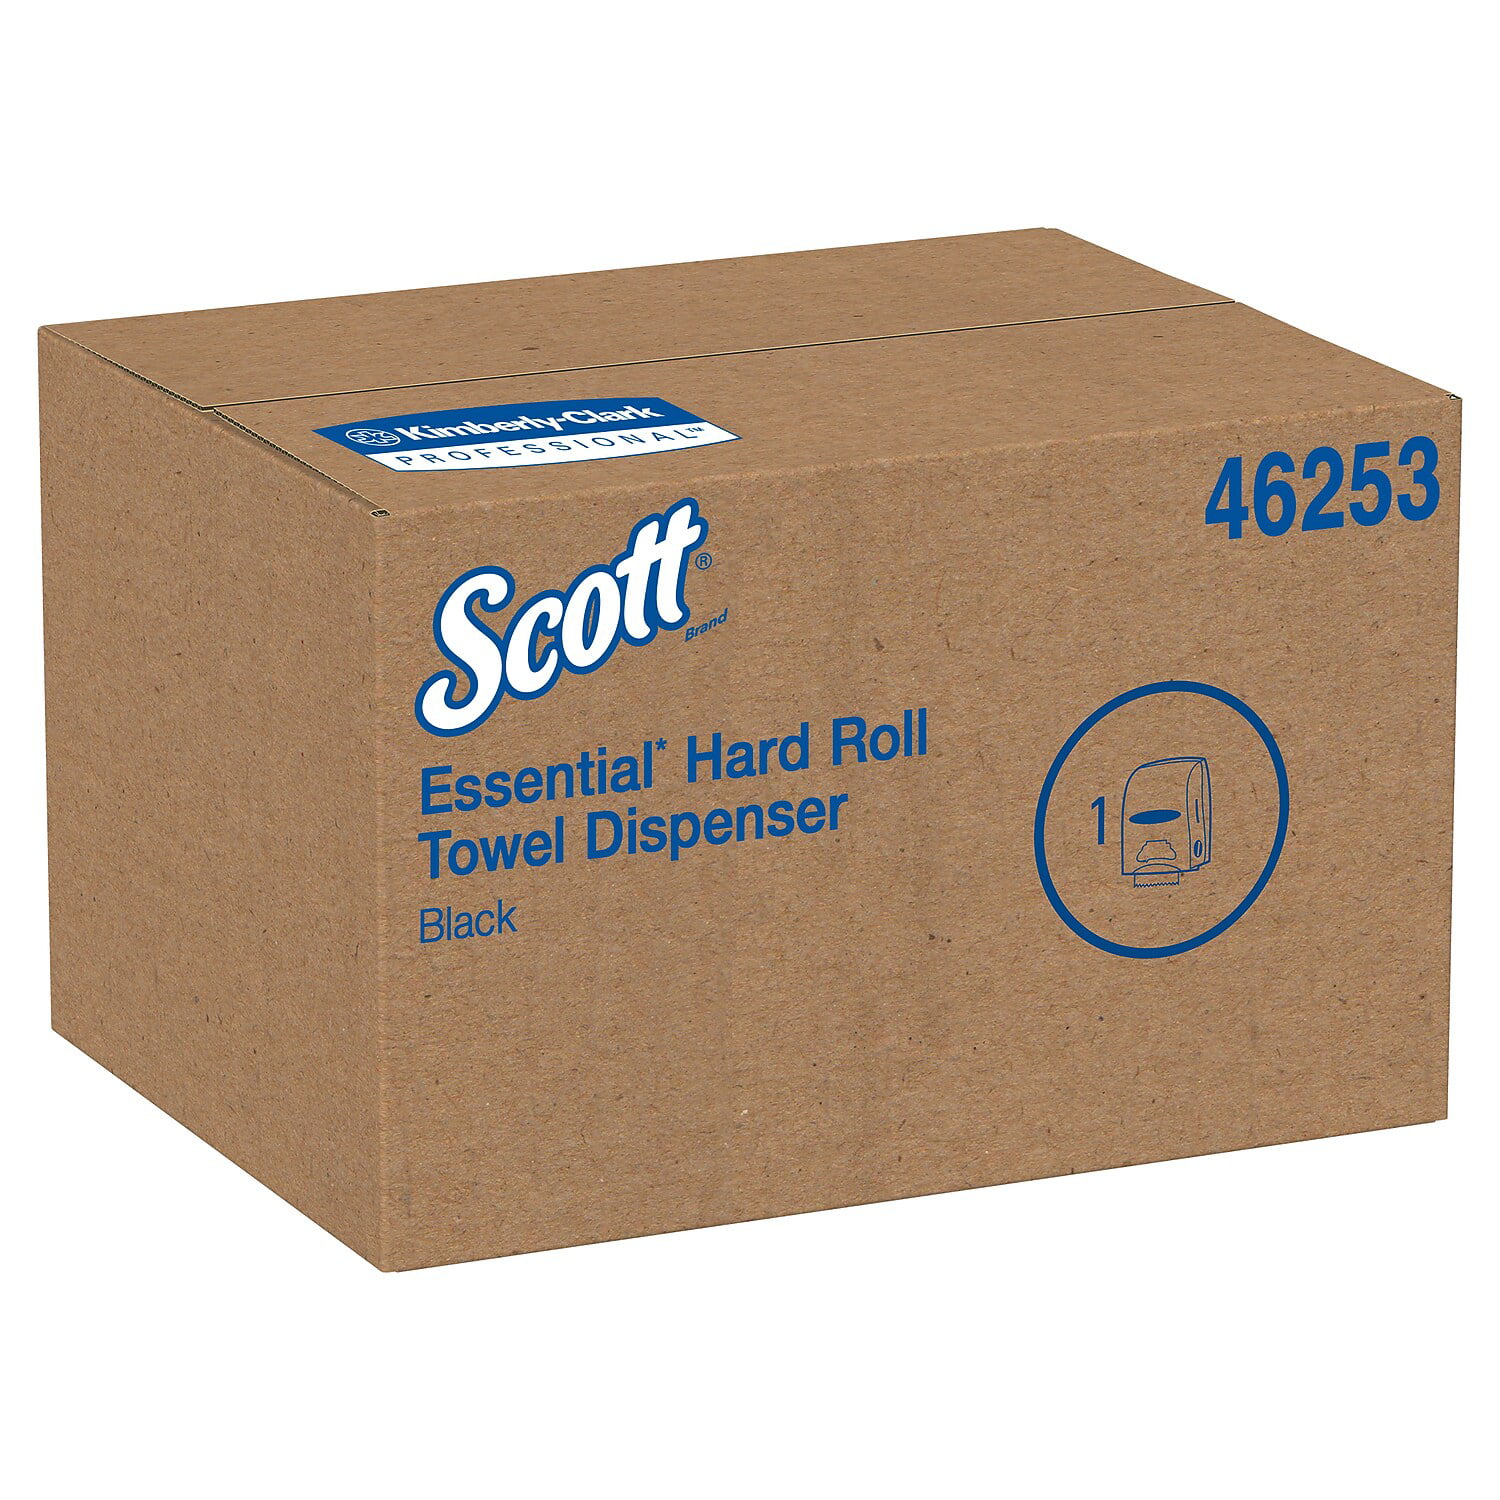 Details about   Scott Essential Hard Roll Towel Dispenser Smoke 46253 Black New!! 
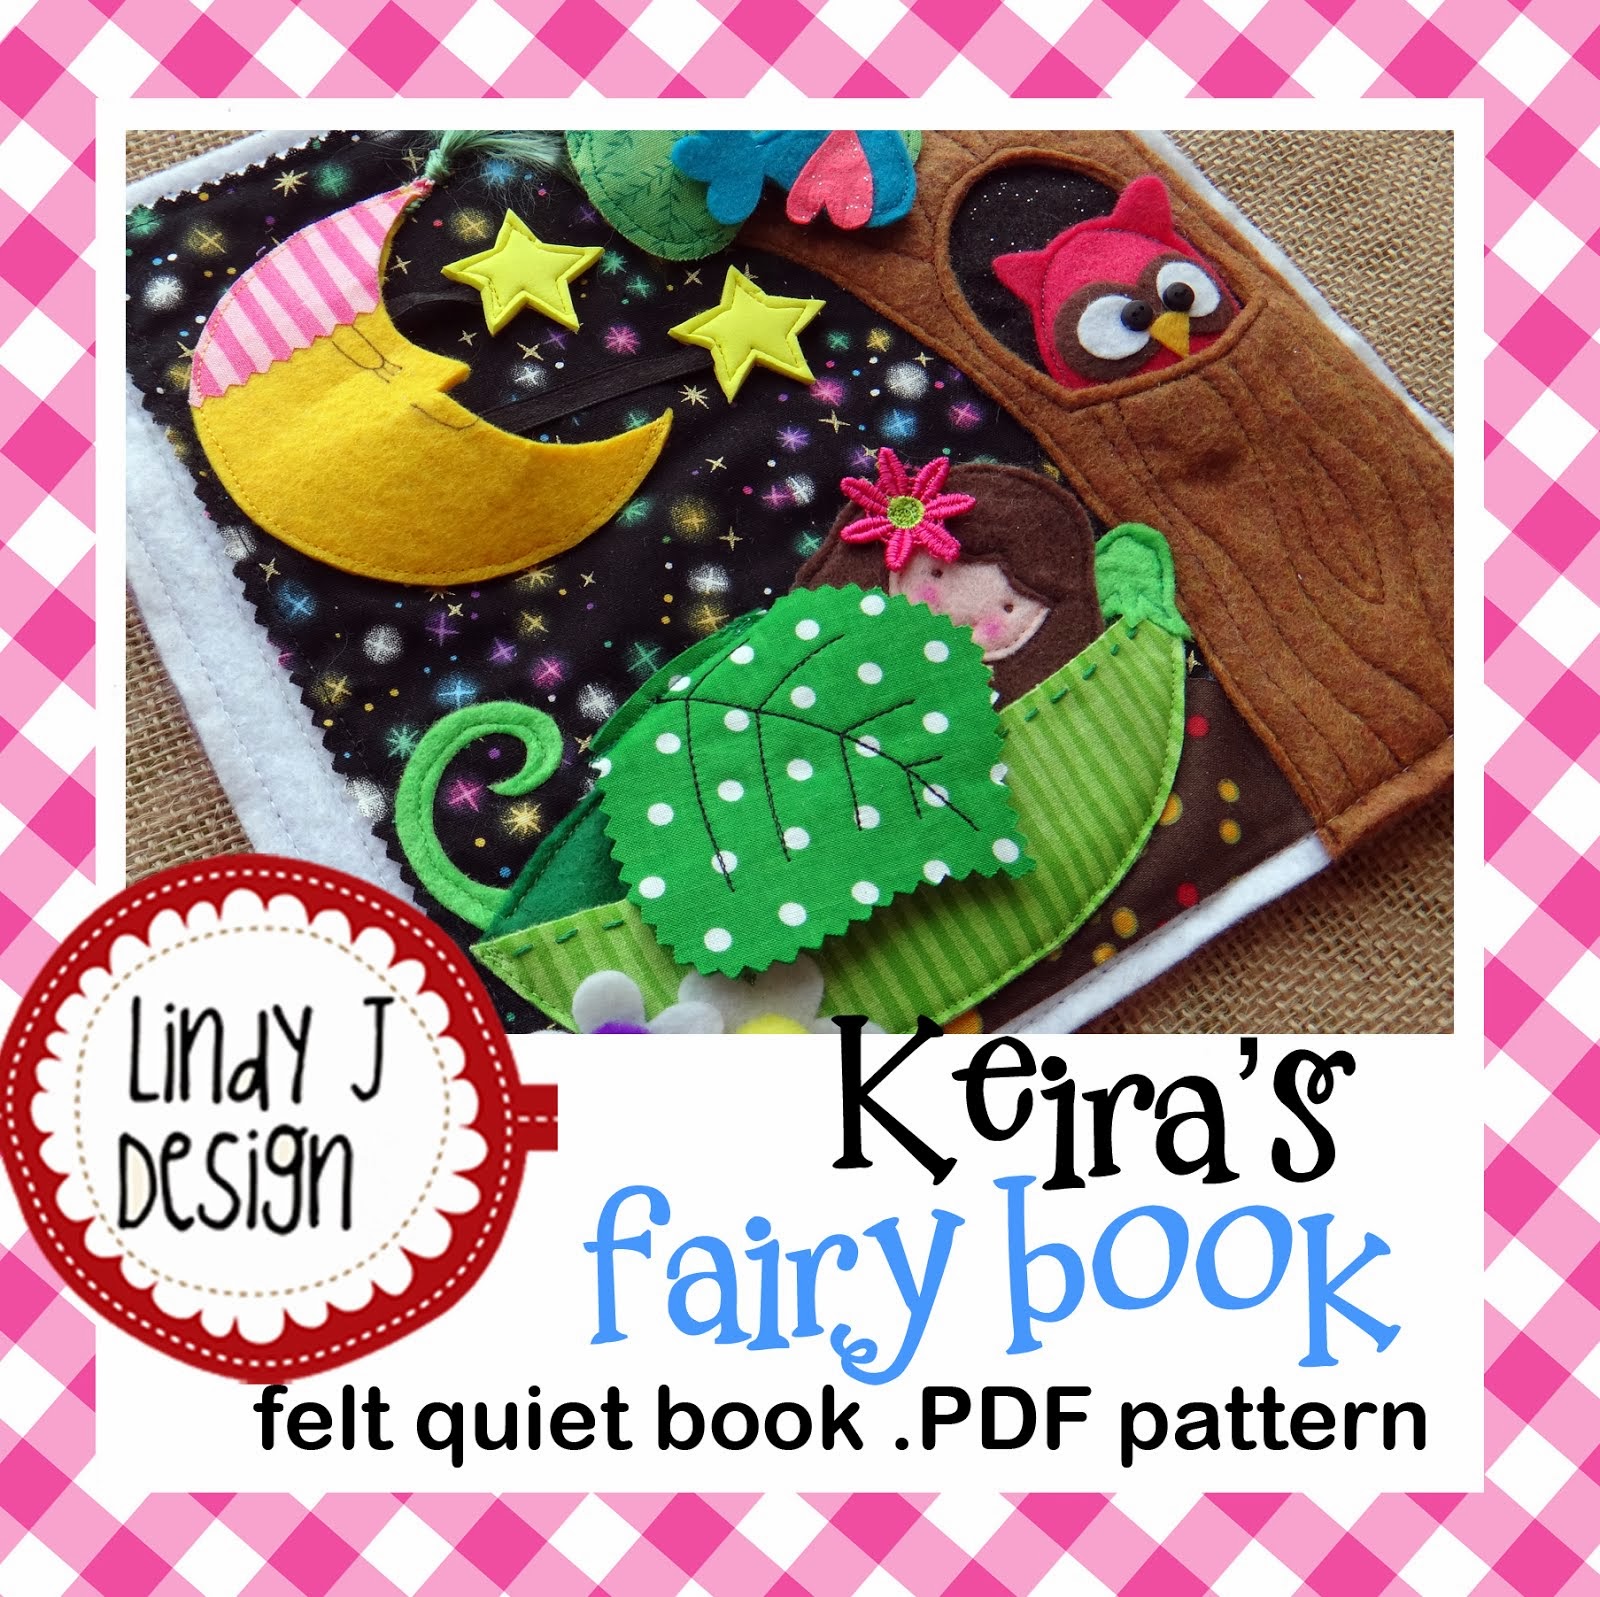 Keira's Fairy Book .PDF Pattern
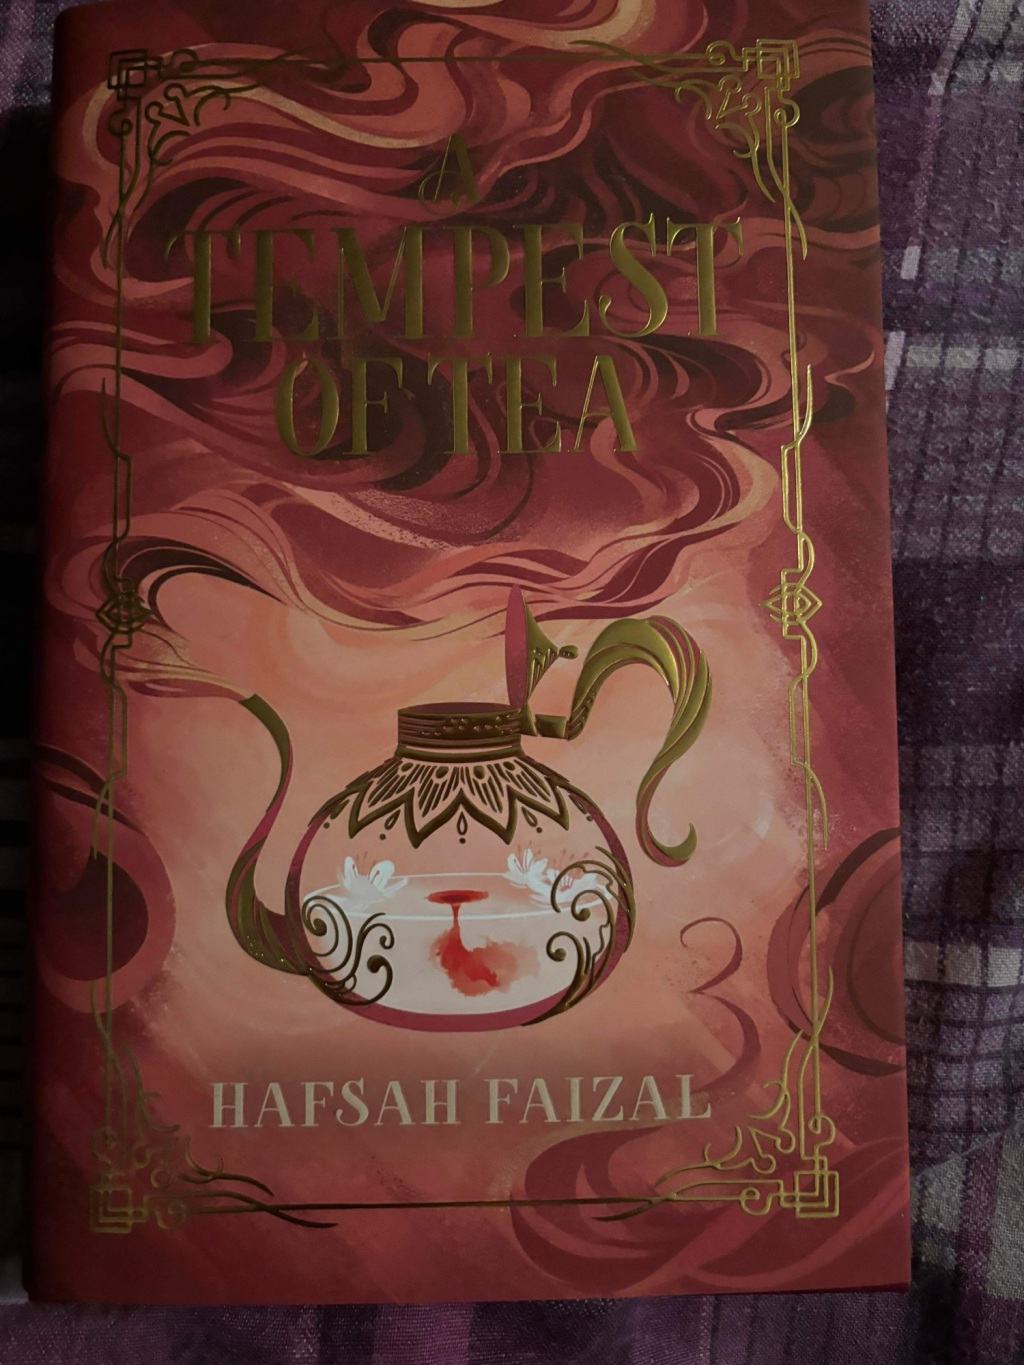 A Tempest of Tea by Hafsah Faizal

REQUIRED WORK: Copy the data exactly. Pictures do not belong in the copy.

EXERCISE RESPONSE:
 Details about   Scott Essential Hard Roll Towel Dispenser Smoke 46253 Black New!! 
 Keira's Fairy Book .PDF Pattern
 A Tempest of Tea by Hafsah Faizal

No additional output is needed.